Here are some resources to learn more about Scallop:

Trustworthy AI for Healthcare

AI stands to significantly enhance healthcare by alleviating costs, reducing human errors, and improving patient outcomes. Important applications abound both in advancing the frontiers of healthcare (e.g., personalized medicine) and in delivering routine healthcare to the masses in emerging economies (e.g., testing and reporting).

The effective application of AI to healthcare is hindered by stringent requirements of safety, explainability, and ability to incorporate expert knowledge. Neurosymbolic programming offers these features and thereby stands to be an attractive fit for this domain. My research group is collaborating with bioinformatics researchers and clinicians to apply Scallop to problems in healthcare that stand to benefit from AI.

AI-Enabled Programming Tools

Another topic at the intersection of programming languages and machine learning that I am interested in concerns improving programmer productivity and software quality through AI-enabled programming tools.

This research direction culminated in a Google Tech Talk I gave in the summer of 2022. It outlines the limitations of purely neural models for code and traditional program analysis systems, which I call System 1 and System 2 respectively, following Daniel Kahneman's terminology in his book Thinking, Fast and Slow. I also talk about how to overcome those limitations by combining the two approaches.

You can also check out our research on applying deep learning to program verification (Code2Inv, NeurIPS 2018), program repair (Hoppity, ICLR 2020), program analysis (CodeTrek, ICLR 2022), and program merging (DeepMerge, FSE 2022).

Inductive Logic Programming

Another long-standing interest of mine lies in program synthesis based algorithms and tools for Inductive Logic Programming, with applications to democratizing programming in a variety of domains (e.g., program analysis, knowledge discovery, database querying, and network programmming).

Much of this work targets synthesizing rule-based logic programs in Datalog from relational input-output data. We have applied this form of synthesis to domains such as network programming (NetSpec, ToN 2022) and program analysis (Sporq, UIST 2021), and developed a series of synthesis techniques: EGS (PLDI 2021), GenSynth (AAAI 2021), Prosynth (POPL 2020), and Difflog (IJCAI 2019).


Teaching

I regularly teach the following courses:

CIS 5470: Software Analysis

This course covers the principles and practice of software analysis. A significant -- and fun! -- part of this course is a series of "labs" that involve implementing modern analysis tools in C++ atop the LLVM compiler framework.

All the material for this course is publicly available at https://software-analysis-class.org/.

The course caters to those who wish to become more effective software engineers or are embarking on research in topics related to software engineering or security.
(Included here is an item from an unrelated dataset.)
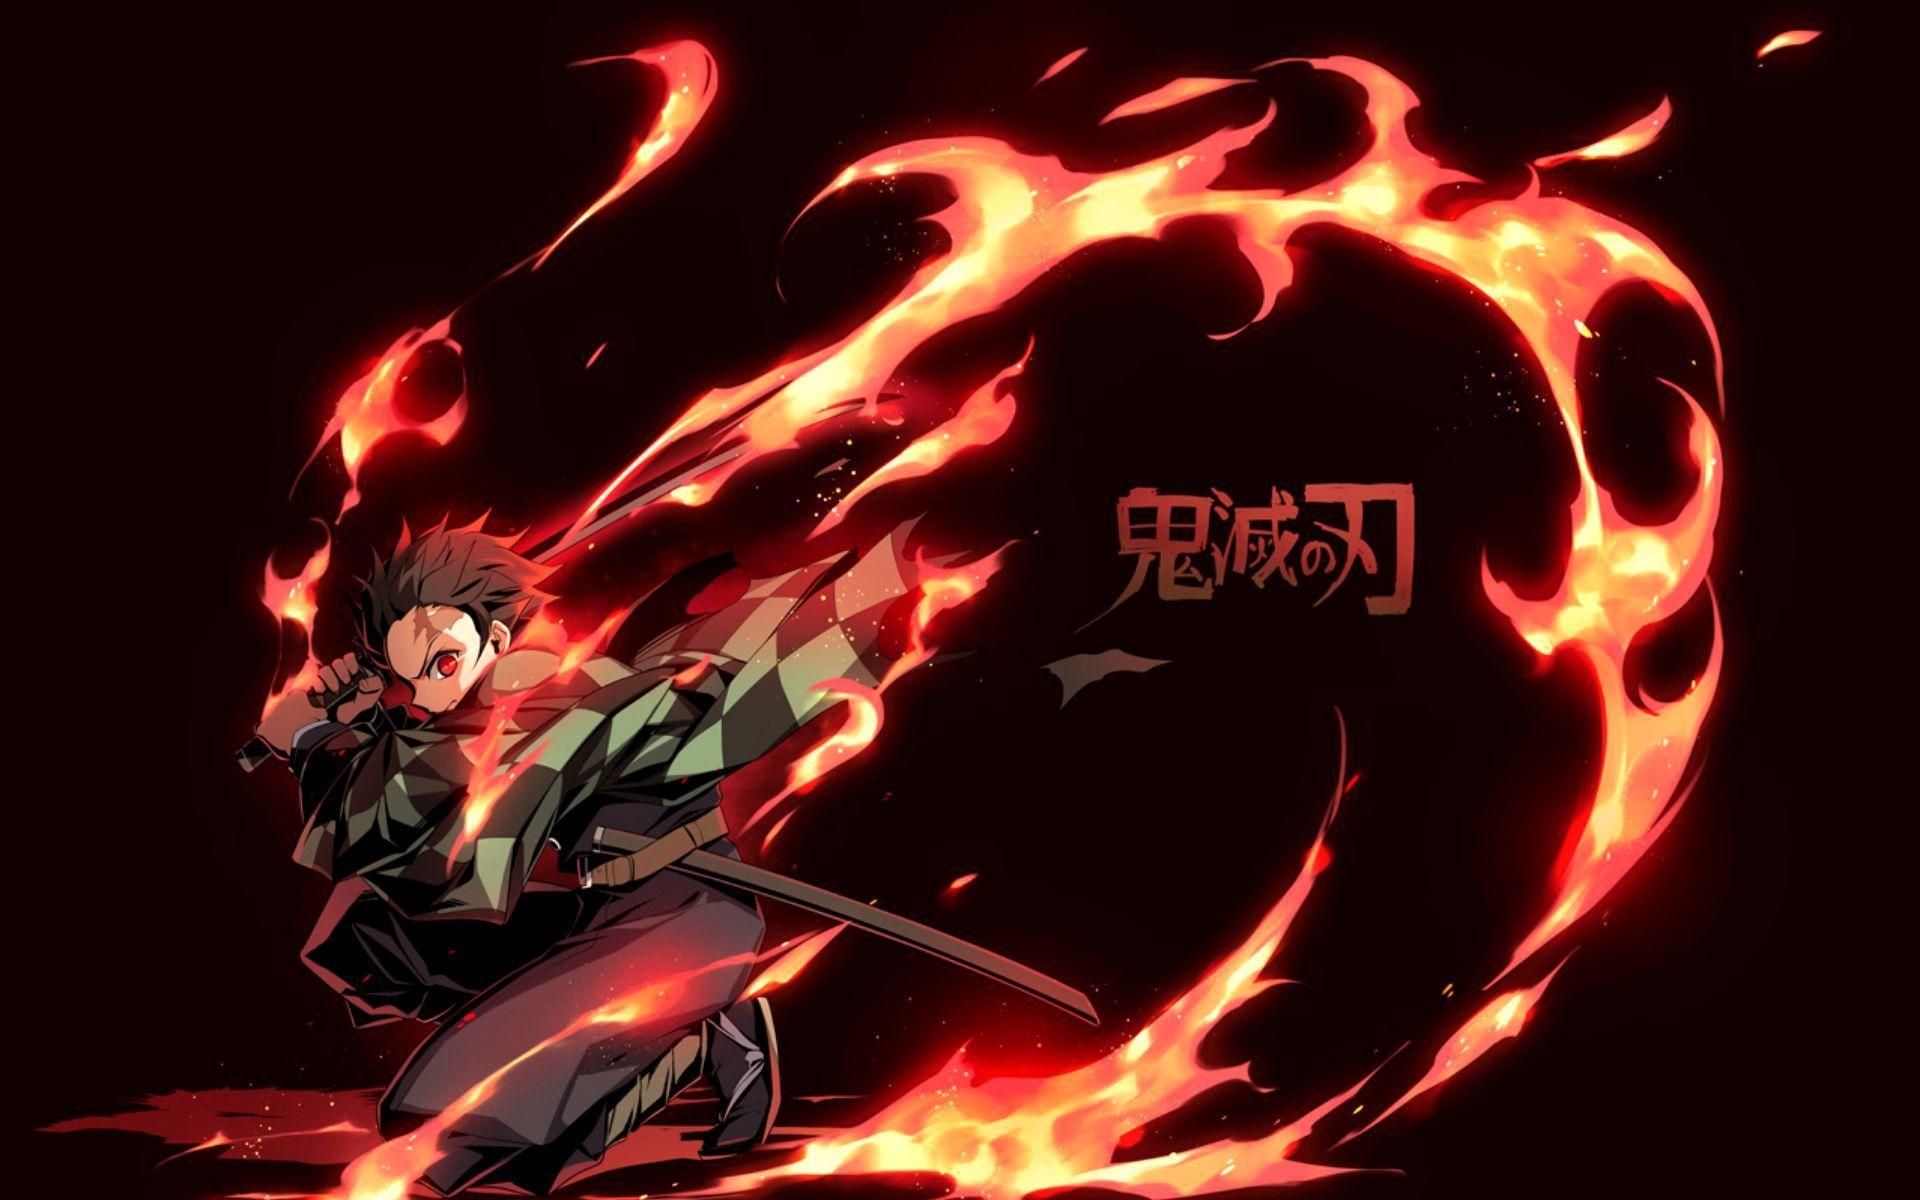 Download Demon Slayer wallpaper by icekingcold  53  Free on ZEDGE now  Browse millions of popula  Japanisches kunstwerk Anime  hintergrundbilder Anime figuren

It is open to graduate and upper-level undergraduate students in computer science. Students from other disciplines who satisfy the prerequisites are also welcome. I teach this course every Fall.

The course is also offered in two online graduate degree programs: Penn's MCIT Online usually in the Summer semester, and Georgia Tech's OMSCS in Spring, Summer, and Fall semesters.
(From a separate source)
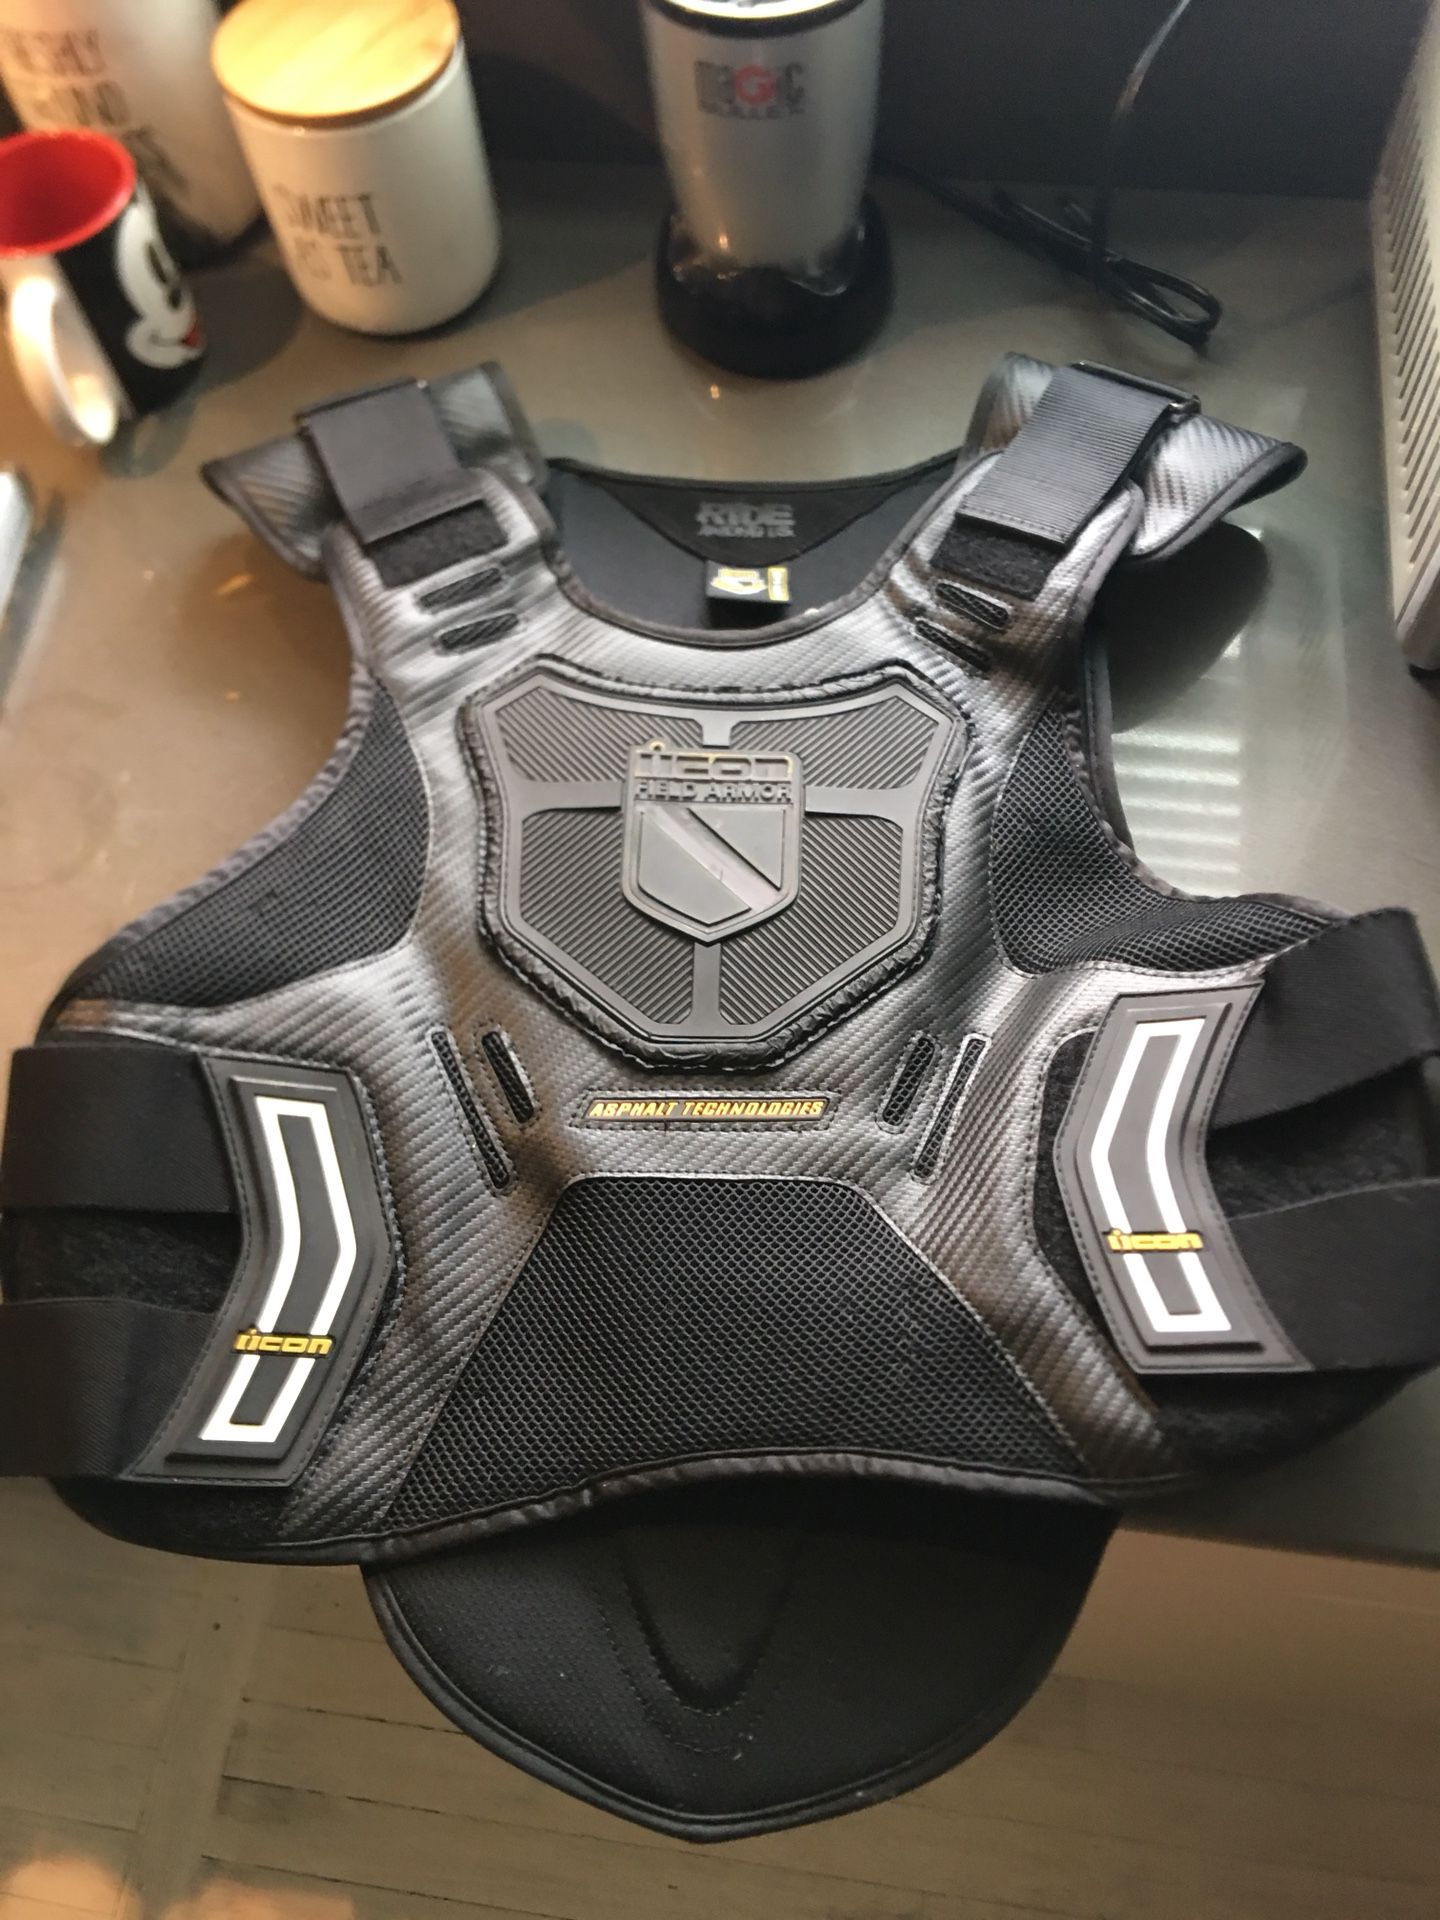 Icon motorcycle vest

CIS 5500: Database Systems

This course covers topics in database systems including data modeling, logical foundations, popular languages, and implementation aspects. A significant component of the course is a group project that involves teams of 3-4 students building a full-fledged web-based database application using datasets, features, and frameworks of their choice.

The course caters to those who wish to pursue a career in data science or gain a broad yet rigorous understanding of database principles. It is open to students from all majors and departments across campus who satisfy the prerequisites. I offer this course every Spring, and it is also taught every Fall (and occasionally in Summer).